My only complaint was that they didn't have enough pit space... but if they are correcting that, then I'd have to wait and see how warm it will be in the winter before I'd make any more complaints... 

I see they had several rolls of what appeared to be Ozite ready to use...


----------



## rayhuang (Sep 26, 2001)

Wow-best of both words-Touring cars on asphalt with foam tires is the best-I thnk. But if they have carpet to warm-everyone up for Champs and Snowbirds-thats awesome!!
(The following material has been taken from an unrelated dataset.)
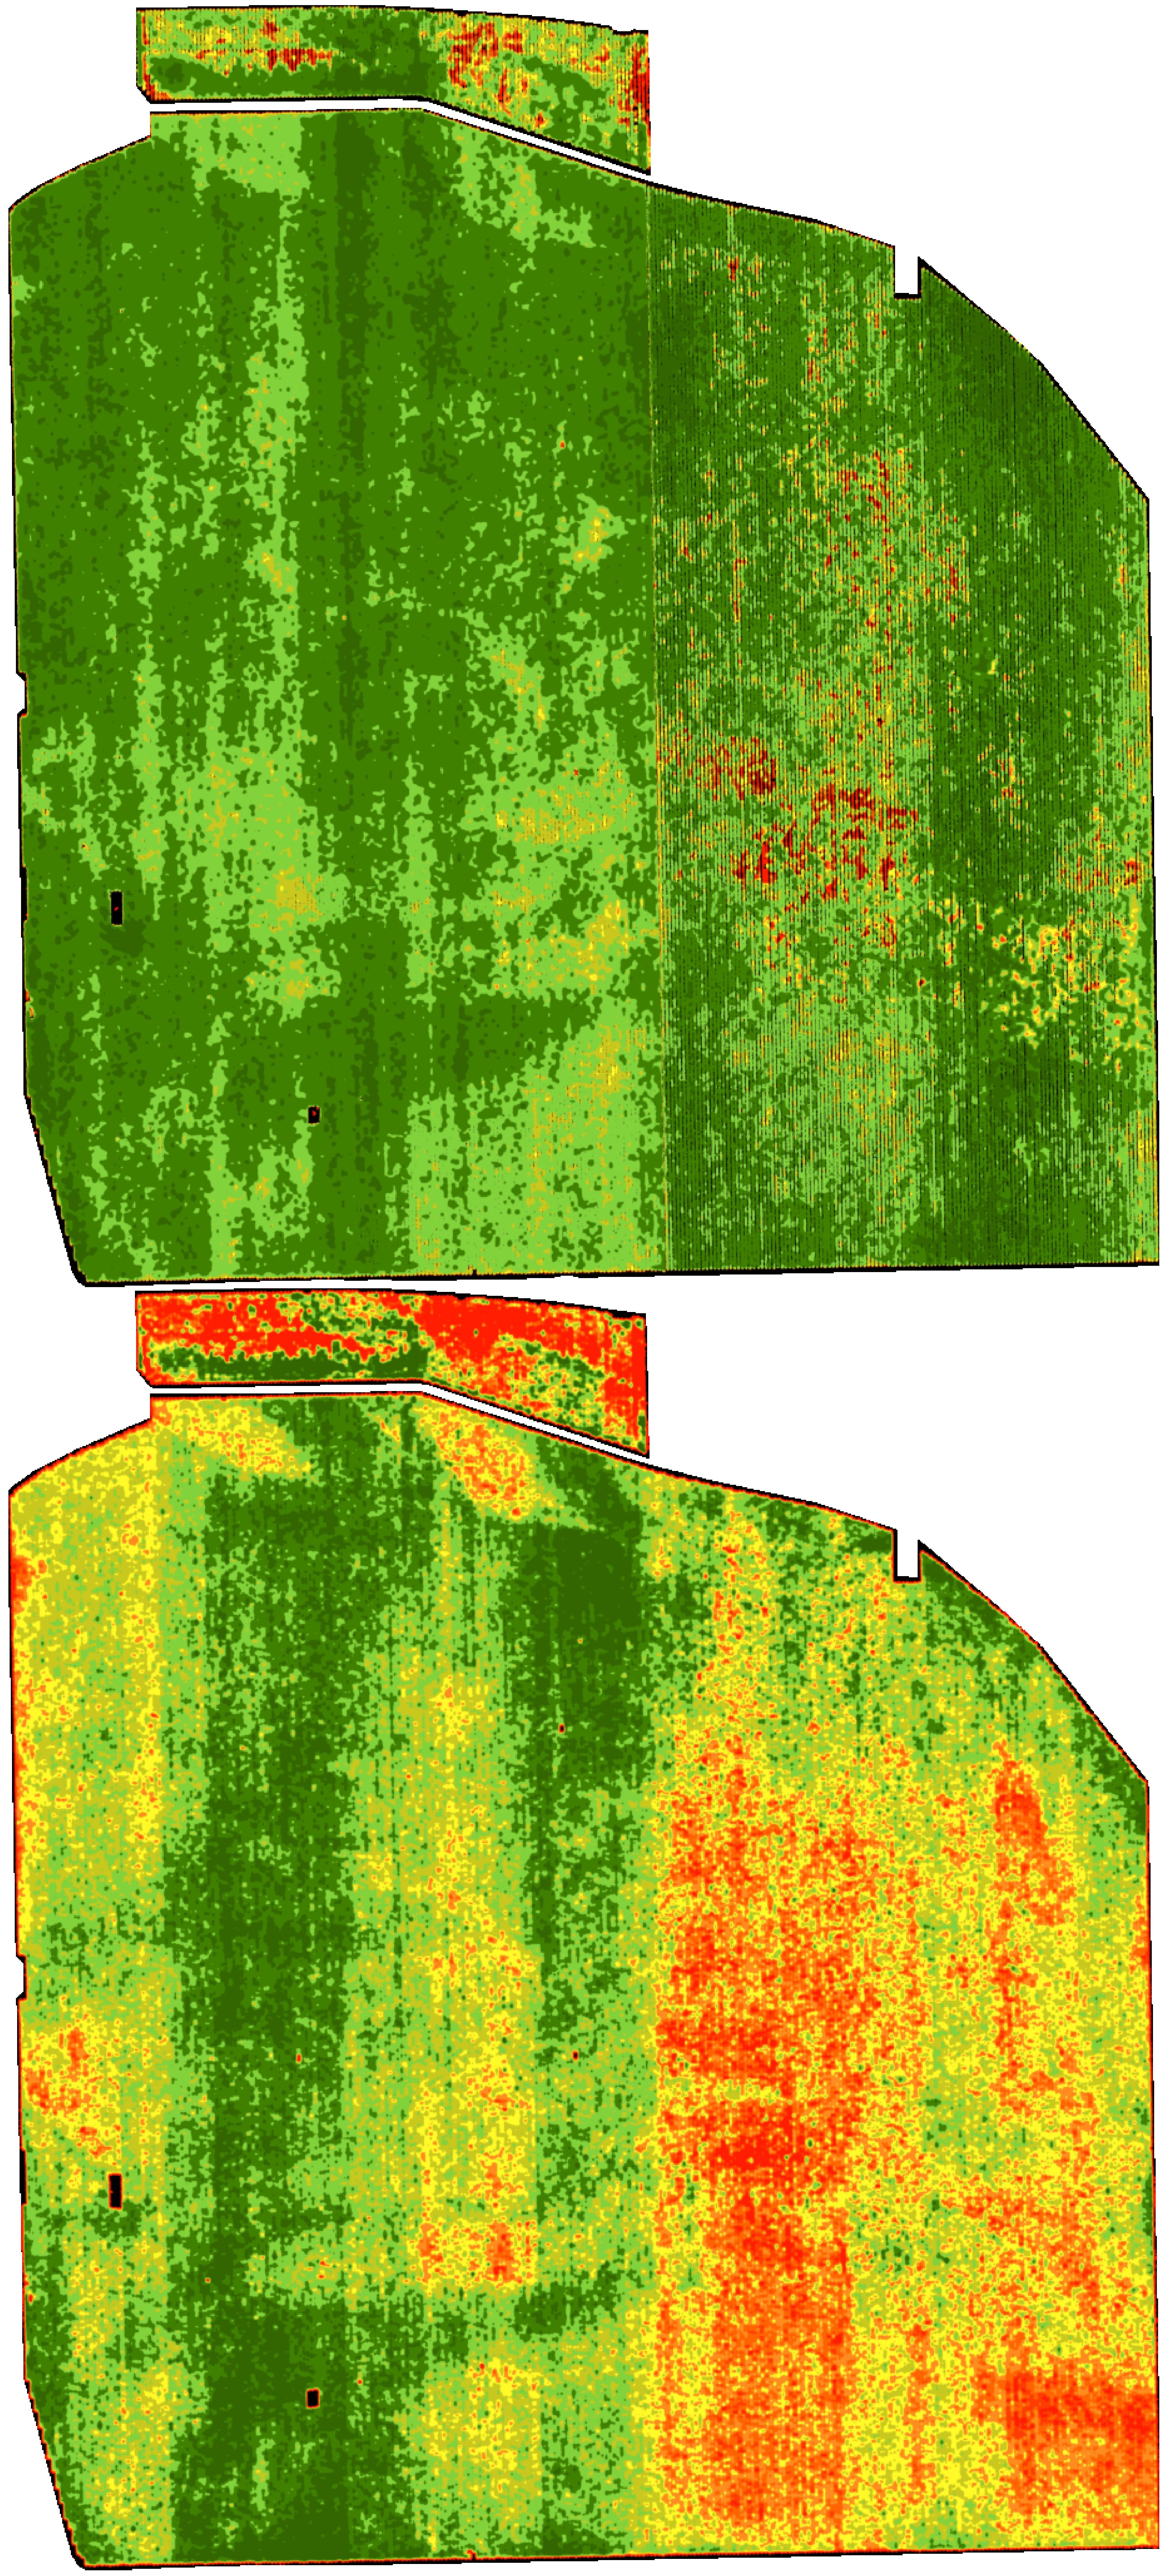 McManis-casestudy-imageryexamples-01

Why does it have such great grip?


----------



## reilly (Feb 17, 2004)

No the carpet is not staying, But the traction you get is like being on carpet
and the surface doesn't wear out. The asphalt is a special blend like they use out in cal. for indoor asphalt tracks. Grip is insane. To get foams to last we are using nitro foam and the wear is very low approx. .5mm on the dia for two 5-6 min runs with 19turn in the car. More pit space is also on the way.
oh 37 shore on the rear and 37-40 up front depending on your car. 
Later 
James


----------



## rayhuang (Sep 26, 2001)

Well-if grip stays up and a groove forms-tire wear will go down even more in time I bet. I thnk all new poured surfaces have very sharp corners on the substrate (sp?) which dulls down s more cars run. 0.5mm is not bad for two runs at all.

Ray


----------



## [email protected] (Dec 3, 2003)

Holly Smokes... this RC Racing thing is really taking off! Good luck on the track!


----------



## DynoMoHum (Sep 25, 2001)

The carpet is not staying? Why did they get it they didn't plan on using it?


----------



## A.Hartzell (Jun 12, 2003)

The carpet was for Larry's. 

I can't wait to get to RC Screwz tomorrow to run. :roll:


----------



## Tim Stamper (May 22, 2002)

Adam,


Thanks for stopping by yesterday. 

I am having issues getting pictures posted of the place. It's like the track is area 51. 

We are in the process of replacing the road dome board system with some traditional 2x4's and plastic all the way around and in flappers.

The traction is starting to settle down now. I still did see a car traction roll yesterday though.

Tim


----------



## A.Hartzell (Jun 12, 2003)

The track was great yesterday. I had traction issues with the 1/12 but the TC was dialed. The asphalt was more of a challange to drive on but it was a LOT more fun.  I can't wait until Tuseday when I can get out there and run again. I'll feel better about pushing the car a little harder when the boards are put down. 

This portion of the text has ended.